● **AIM OF THE EXERCISE**: Find every line below with the string "Oushak" and pick it out.

● **PROVIDED INFORMATION**:
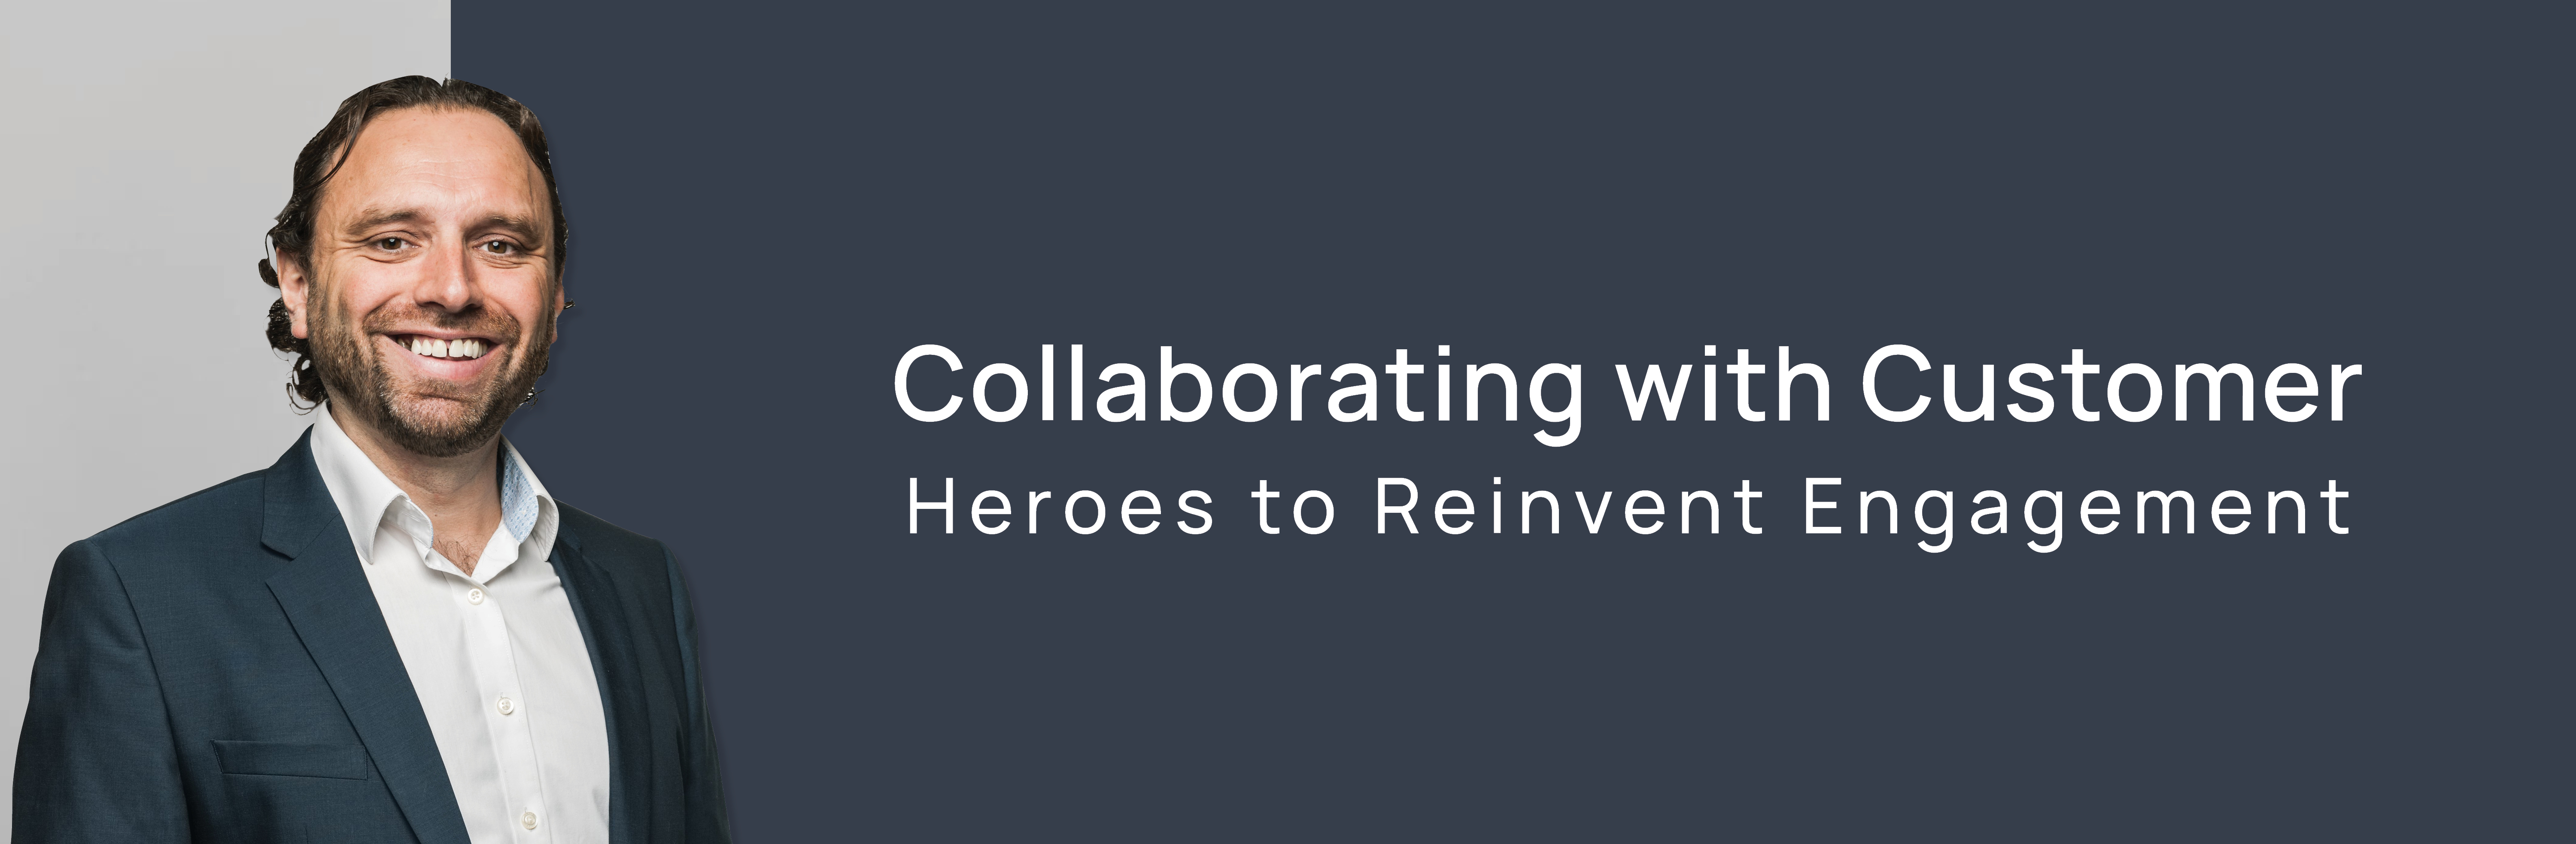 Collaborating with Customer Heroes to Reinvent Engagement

--

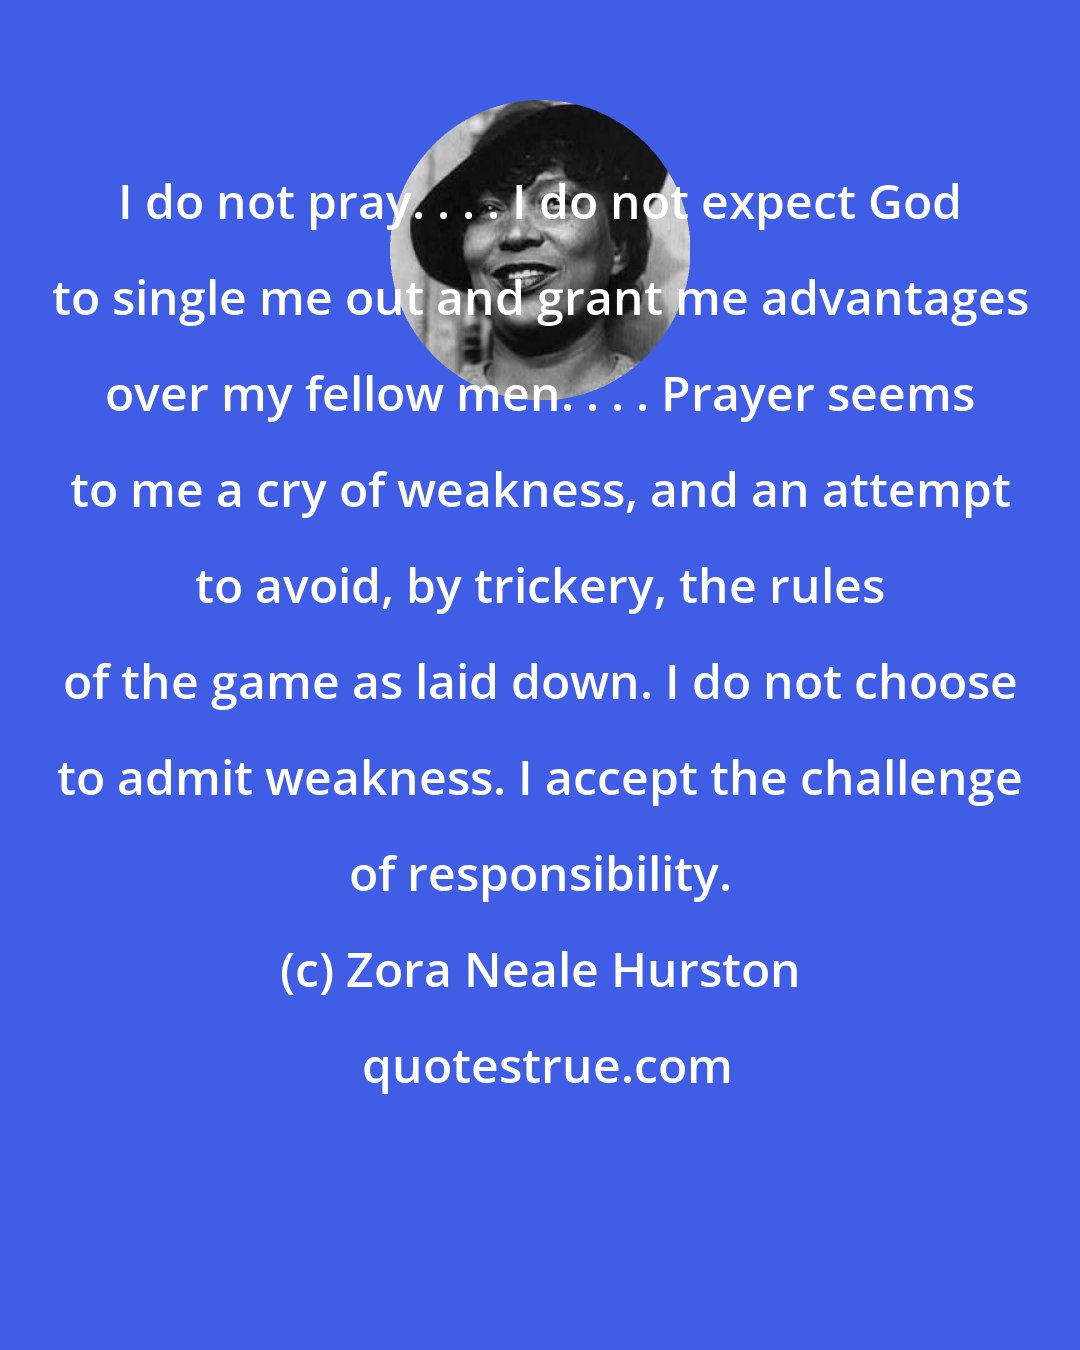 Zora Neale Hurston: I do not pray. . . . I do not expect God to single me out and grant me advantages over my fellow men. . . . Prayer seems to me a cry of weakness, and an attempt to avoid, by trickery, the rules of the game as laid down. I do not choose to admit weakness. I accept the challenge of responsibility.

==

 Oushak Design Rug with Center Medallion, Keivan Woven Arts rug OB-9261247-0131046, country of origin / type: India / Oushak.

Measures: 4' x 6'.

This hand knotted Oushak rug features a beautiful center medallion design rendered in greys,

● **YOUR SOLUTION**:
 Oushak Design Rug with Center Medallion, Keivan Woven Arts rug OB-9261247-0131046, country of origin / type: India / Oushak.
This hand knotted Oushak rug features a beautiful center medallion design rendered in greys,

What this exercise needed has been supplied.